> What needs to be done
Restate the listing below word for word, and leave its pictures behind.

> Data provided
_ _ _ _ _ _ _
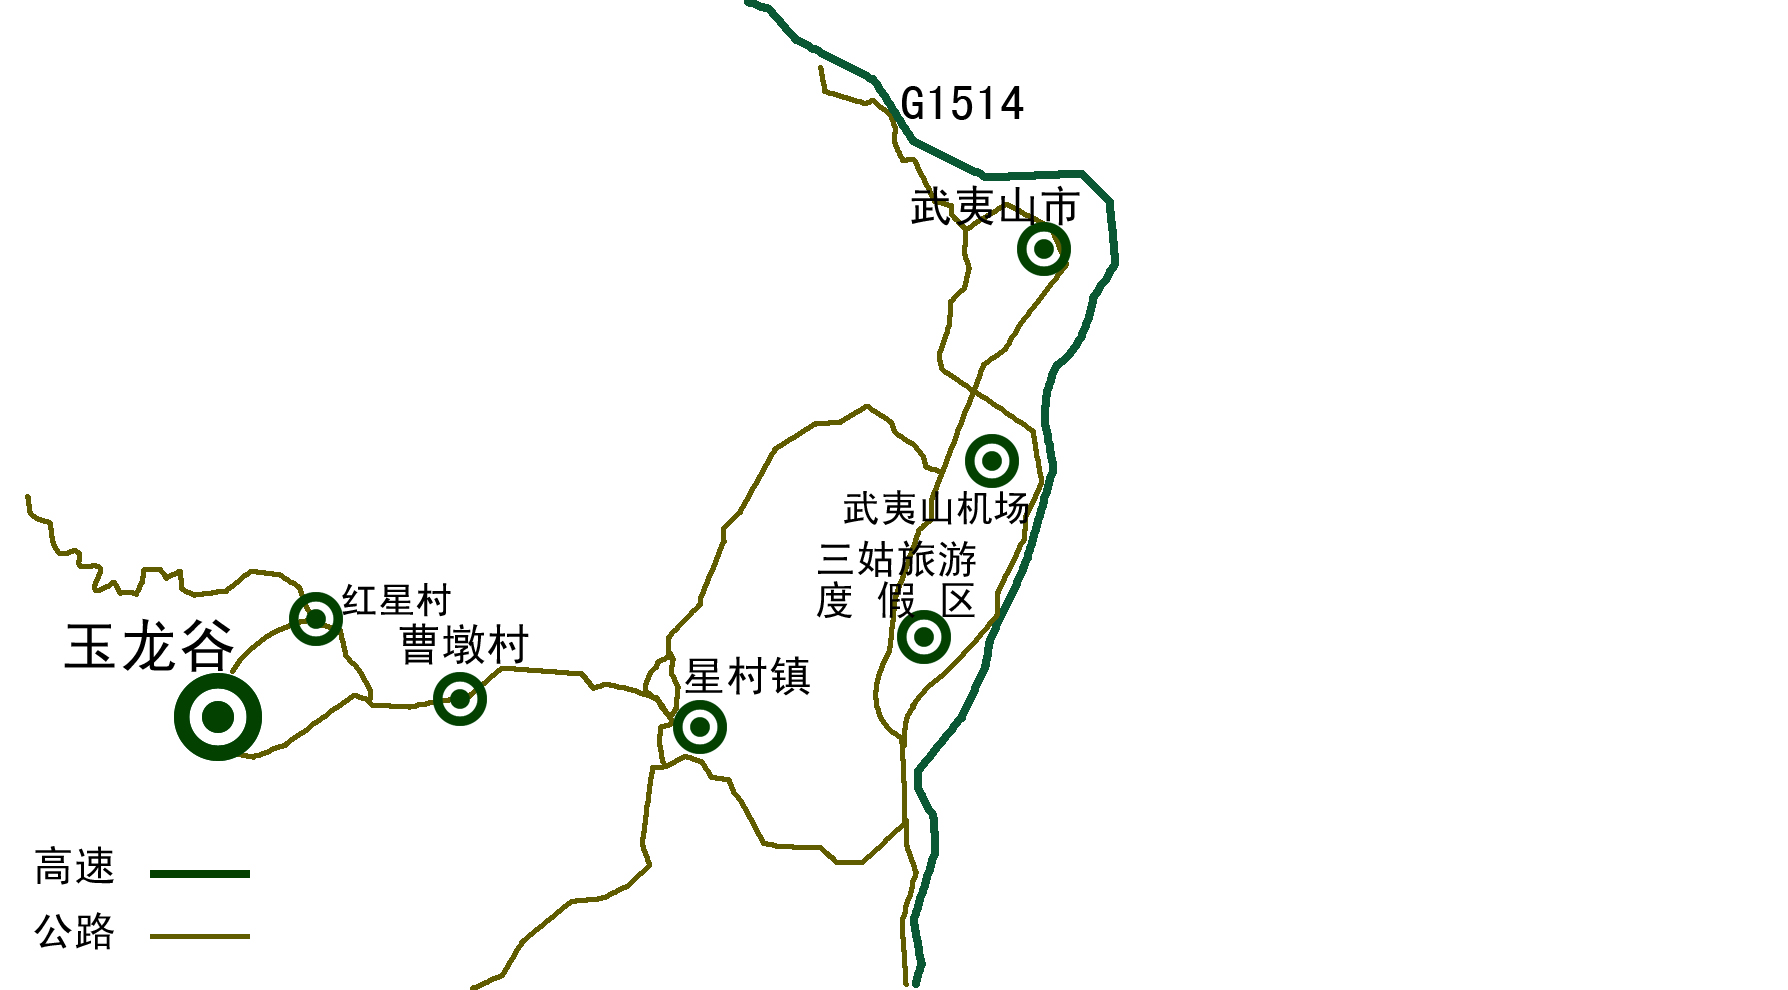 武夷山玉龙谷交通路线图
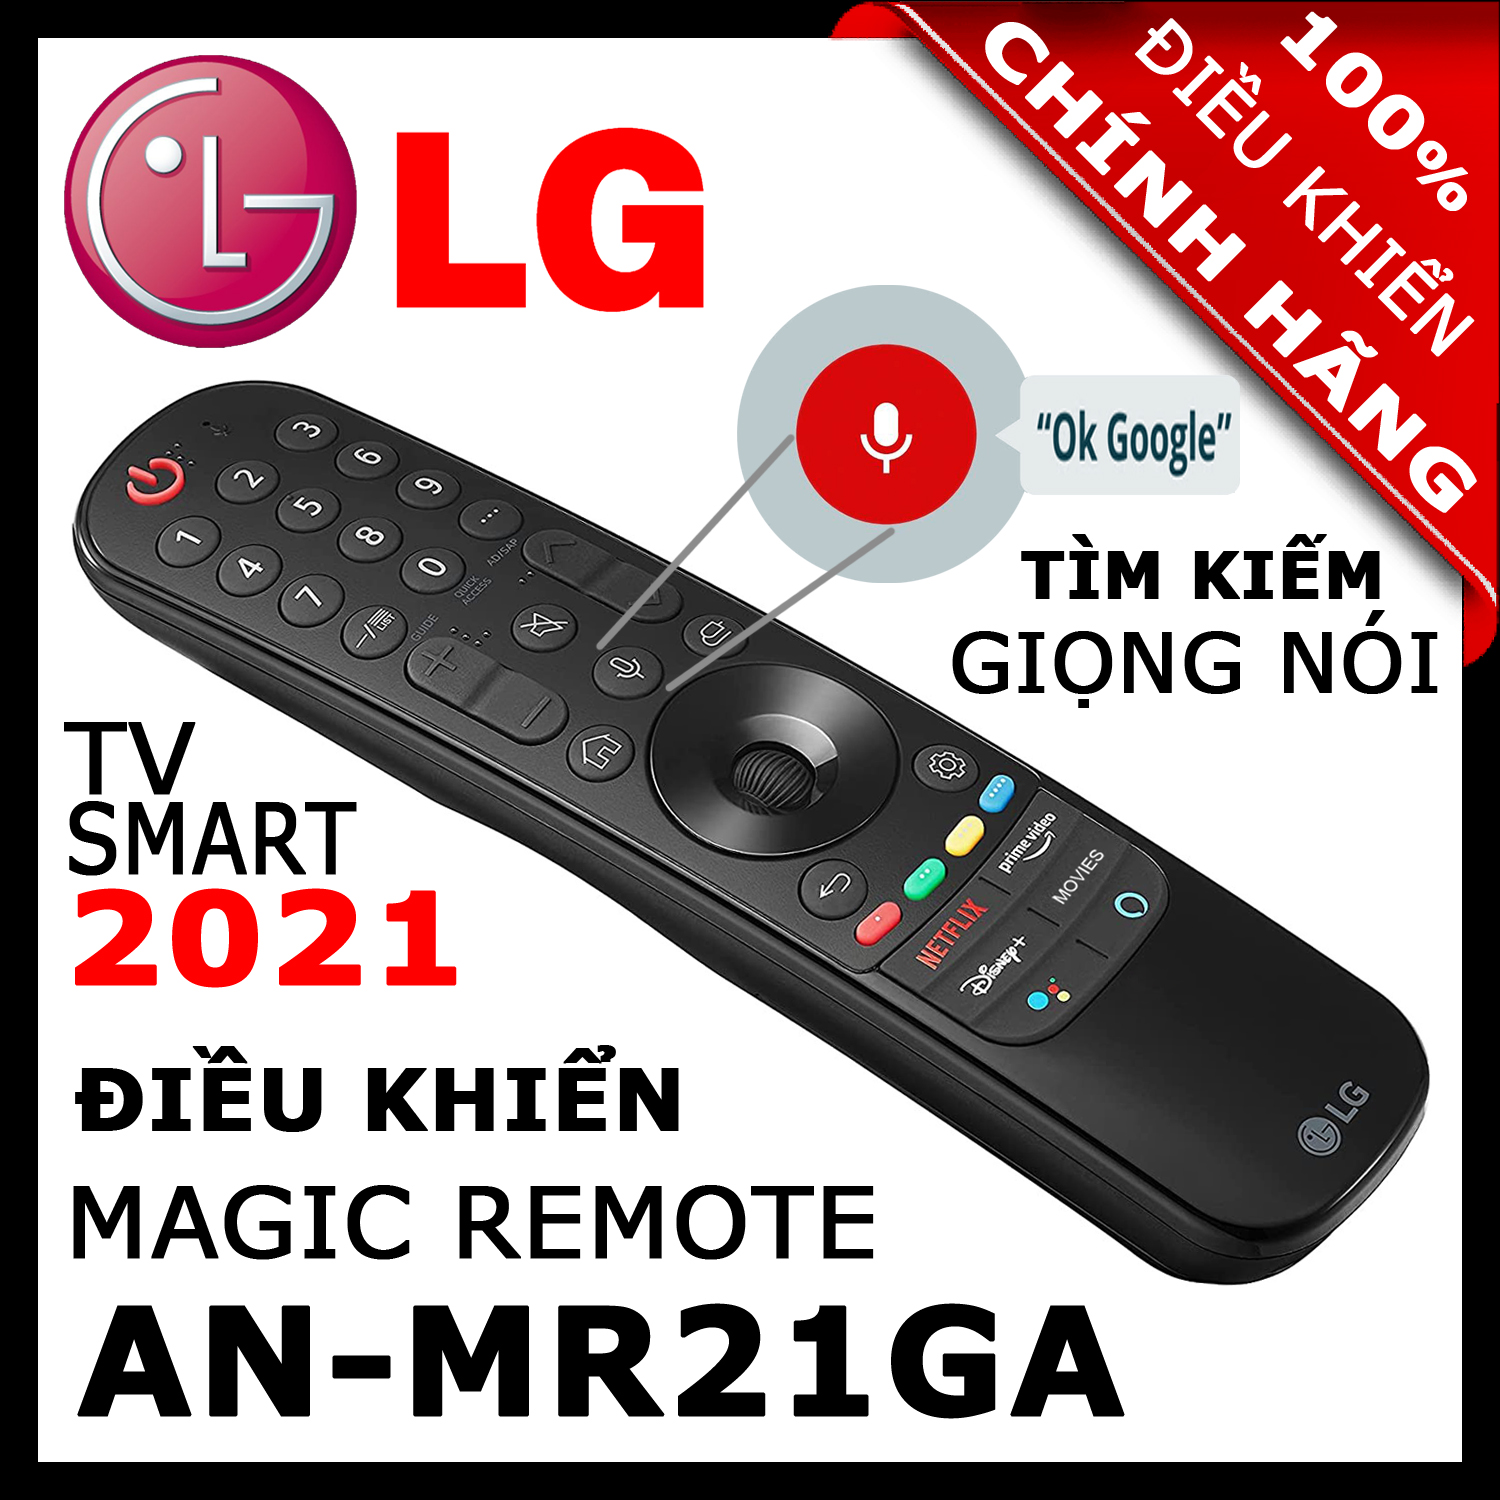 ĐIỀU KHIỂN Remote Tivi LG MR21GA thay thế MR20GA và MR19BA và MR18BA và MR650A có Giọng nói Chuột bay cho tivi LG 2021, 2020, 2019, 2018, 2017 Magic Remote AN-MR21GA mã số AKB76036204 HÀNG XỊN. Remote cho tivi LG sản xuất năm 2021
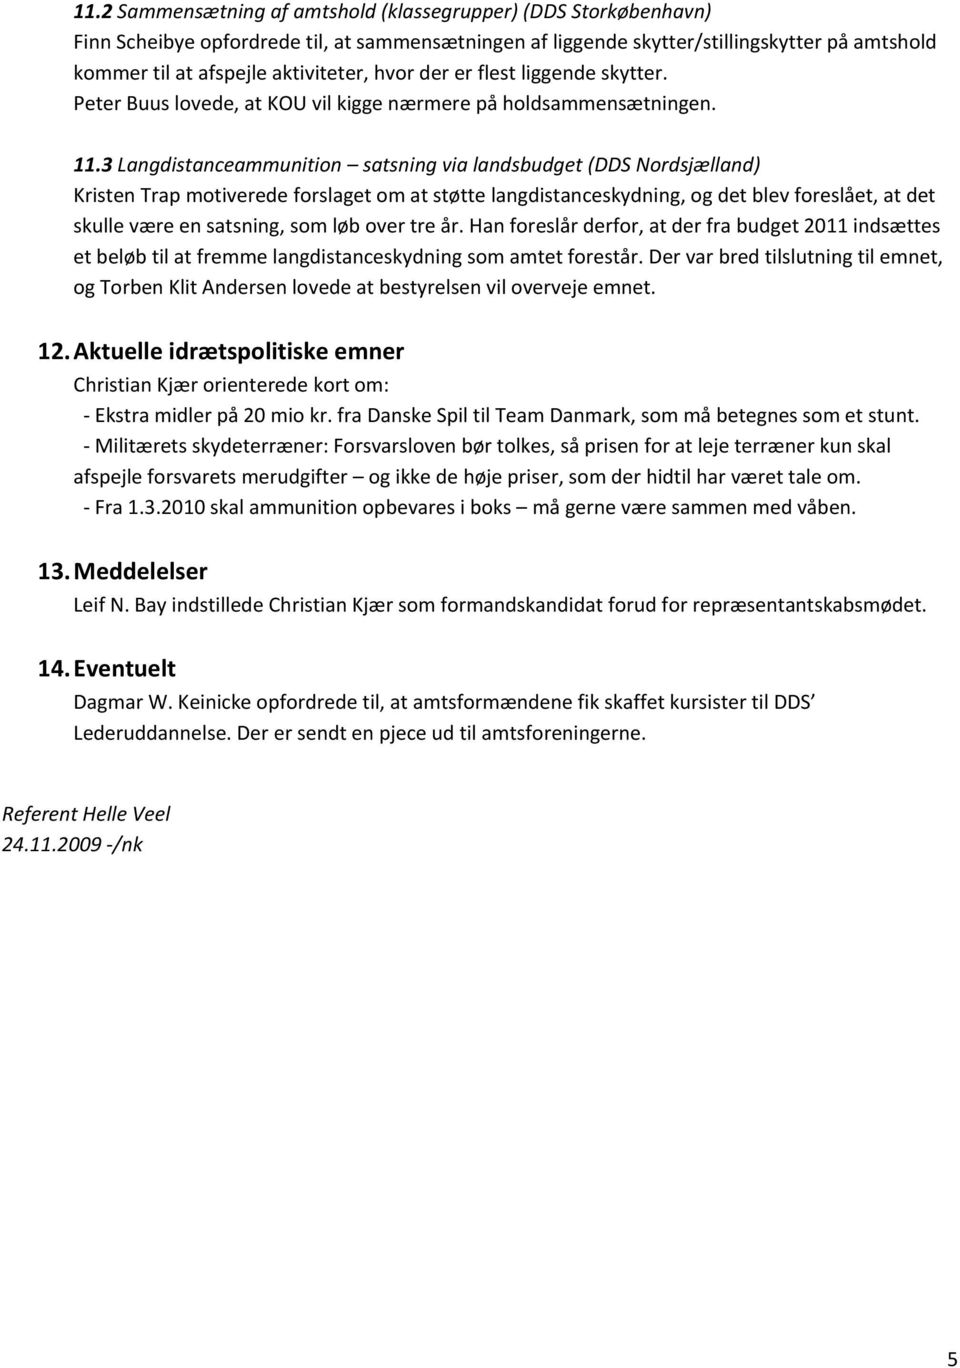 3 Langdistanceammunition satsning via landsbudget (DDS Nordsjælland) Kristen Trap motiverede forslaget om at støtte langdistanceskydning, og det blev foreslået, at det skulle være en satsning, som
_ _ _ _ _ _ _
> Answer for the task
 武夷山玉龙谷交通路线图
 ĐIỀU KHIỂN Remote Tivi LG MR21GA thay thế MR20GA và MR19BA và MR18BA và MR650A có Giọng nói Chuột bay cho tivi LG 2021, 2020, 2019, 2018, 2017 Magic Remote AN-MR21GA mã số AKB76036204 HÀNG XỊN. Remote cho tivi LG sản xuất năm 2021
 3 Langdistanceammunition satsning via landsbudget (DDS Nordsjælland) Kristen Trap motiverede forslaget om at støtte langdistanceskydning, og det blev foreslået, at det skulle være en satsning, som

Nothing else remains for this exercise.